Xi and his better version of globalization
BEIJING - In recent years, globalization seems to have lost its charm and steam, and most depressively, the direction to go forward.
To gather even tighter or to fall apart, the world community is confronting a critical choice that matters so much for so many.
At the annual World Economic Forum (WEF) in the Swiss ski resort of Davos, Chinese President Xi Jinping shared his line of thoughts about how the world should jointly reset globalization for the better.
In his speech at WEF, one of the most-watched signposts for global economic outlook, Xi tried to gather greater consensus for building a community of common destiny for humankind.
The notion of building such a community was first put forward in 2012. Over the past four years, the Chinese president has traveled around the world to share his thoughts with other world leaders on why this idea could be a more promising approach to revitalize globalization.
According to many of his previous elaborations, this grand experiment needs to be based on openness and inclusiveness.
While stressing the importance of delivering the benefits of economic globalization to all, Xi, in his speech, also pledged China's development will continue to offer opportunities to business communities in other countries.
In the coming five years, China is expected to import 8 trillion US dollars of goods, and make 750 billion dollars of outbound investment, said the president, adding that Chinese tourists will make 700 million overseas visits.
Hailing Xi's keynote speech as a highlight in the WEF history, WEF founder and Executive Chairman Klaus Schwab said Xi's "thought-provoking" speech will chart the course of global economy and that the WEF is willing to further strengthen its partnership with China.
Xi rose to the top of China's leadership after working many years as local officials in some of China's pretty impoverished places in the last century.
He has witnessed how the reform and opening-up policy has reshaped his once-closed country's economy and helped elevate it into the world's second largest one. He understands well that for the world nations, including China, to develop and prosper, they should always treat each other as equals and choose to embrace one another, not the other way around.
More importantly, a major source of the current widespread hostilities against globalization is that it largely favors the privileged few in some of the Western powers.
The most vivid proof of that is the outbreak of the 2008 global financial crisis which was sparked by the greed of Wall Street elites and ended up with the commoners feeling most of the pain both inside and beyond the United States.
That's why a new and fairer globalization should highlight inclusiveness as a key magnetic force that can make sure no one should be left behind.
To materialize such a grand experiment, Beijing has put forward the Belt and Road Initiative that seeks to improve infrastructure in countries joining the program and strengthen their industrial capacity so that they can have the fundamentals to grow their economies.

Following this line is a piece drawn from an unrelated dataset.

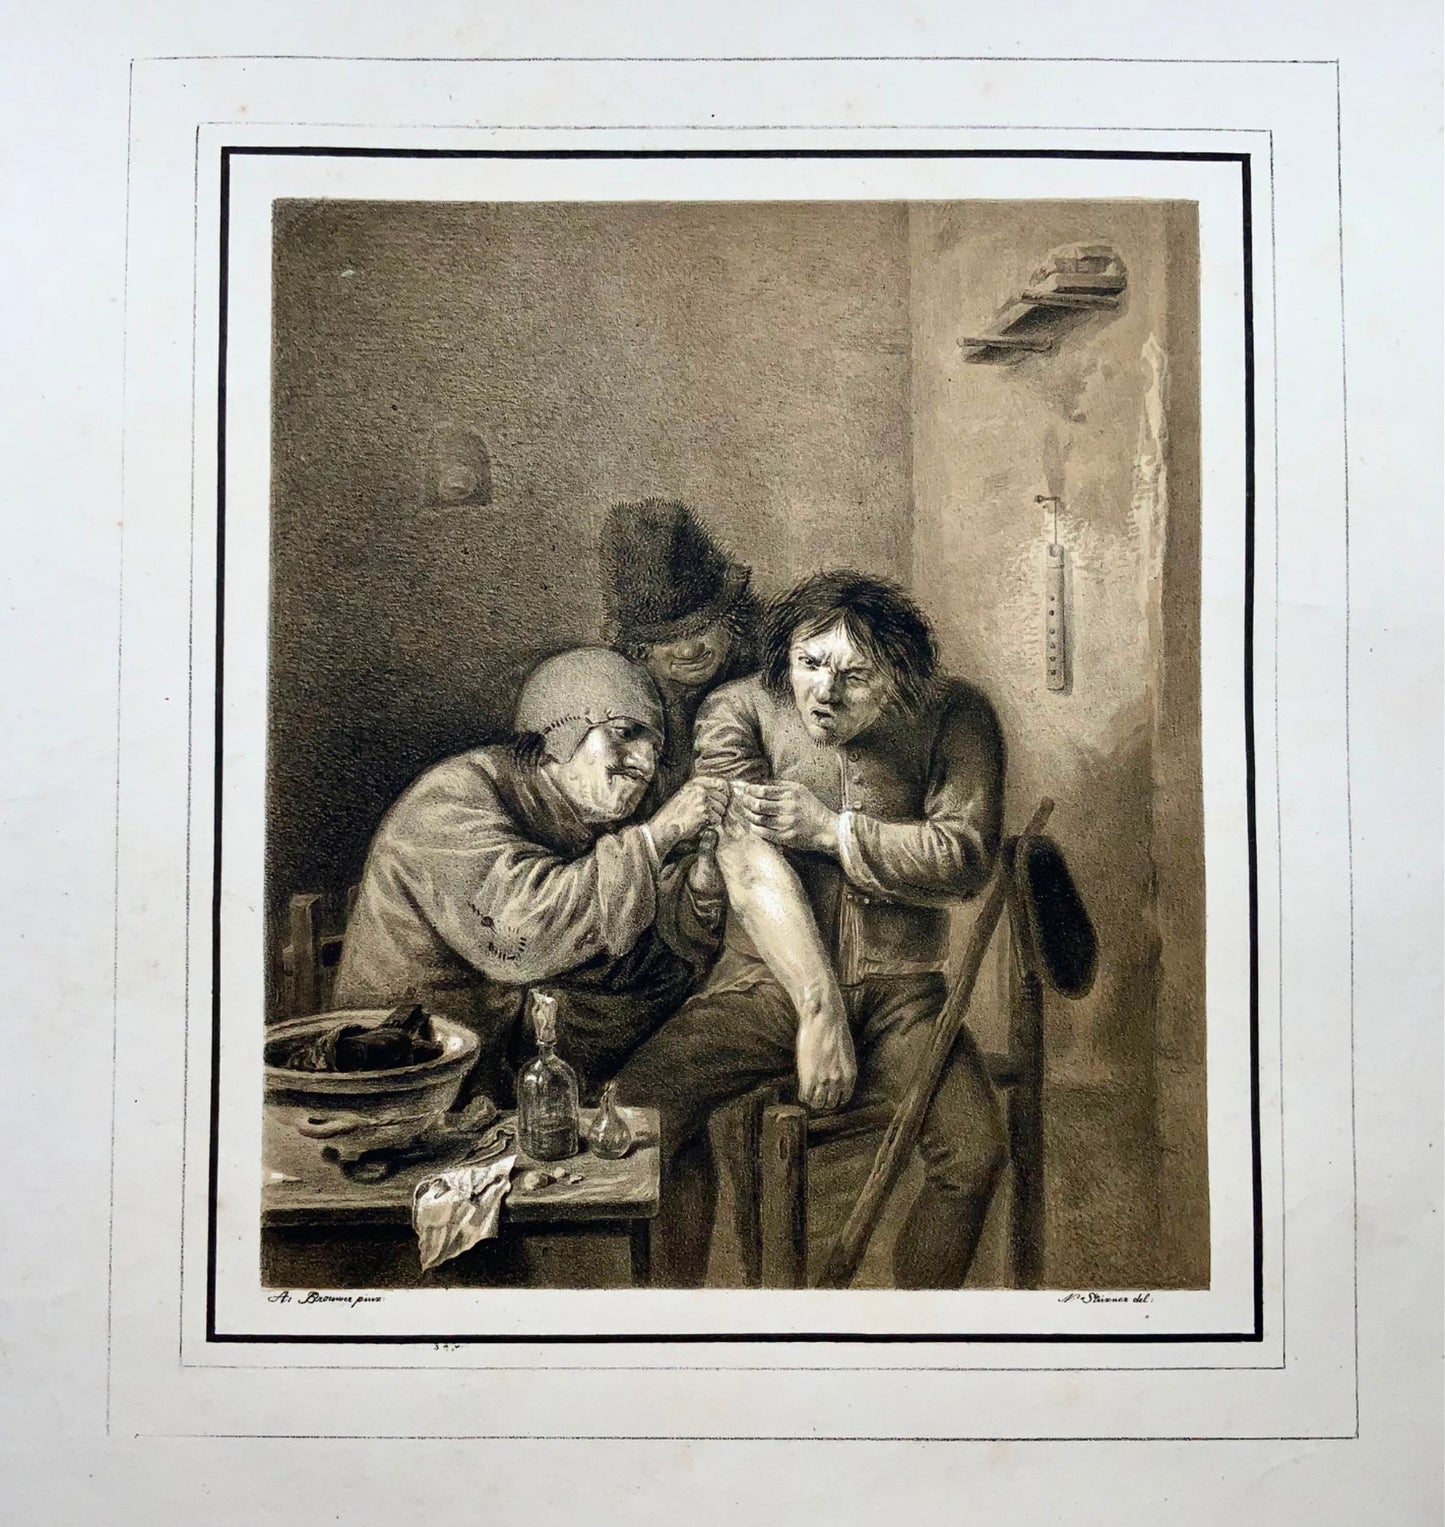 1810c Medicina, Chirurgo, N. Strixner secondo A. Brouwer, incunaboli di litografia

China is also trying to mend a broken global governance system by championing the establishment of the Asia Infrastructure Investment Bank so that funding gaps left by the post-war institutional arrangements, including the International Monetary Fund and the World Bank, can be covered.
Over the centuries, through trade transactions and human exchanges, most parts of the world have already become more or less interconnected. Reversing the process at this moment of feeble global economic growth would be shortsighted and disastrous.
As finding the right path to globalization is the only rational option, the roadmap Xi has offered could be the wave of the future.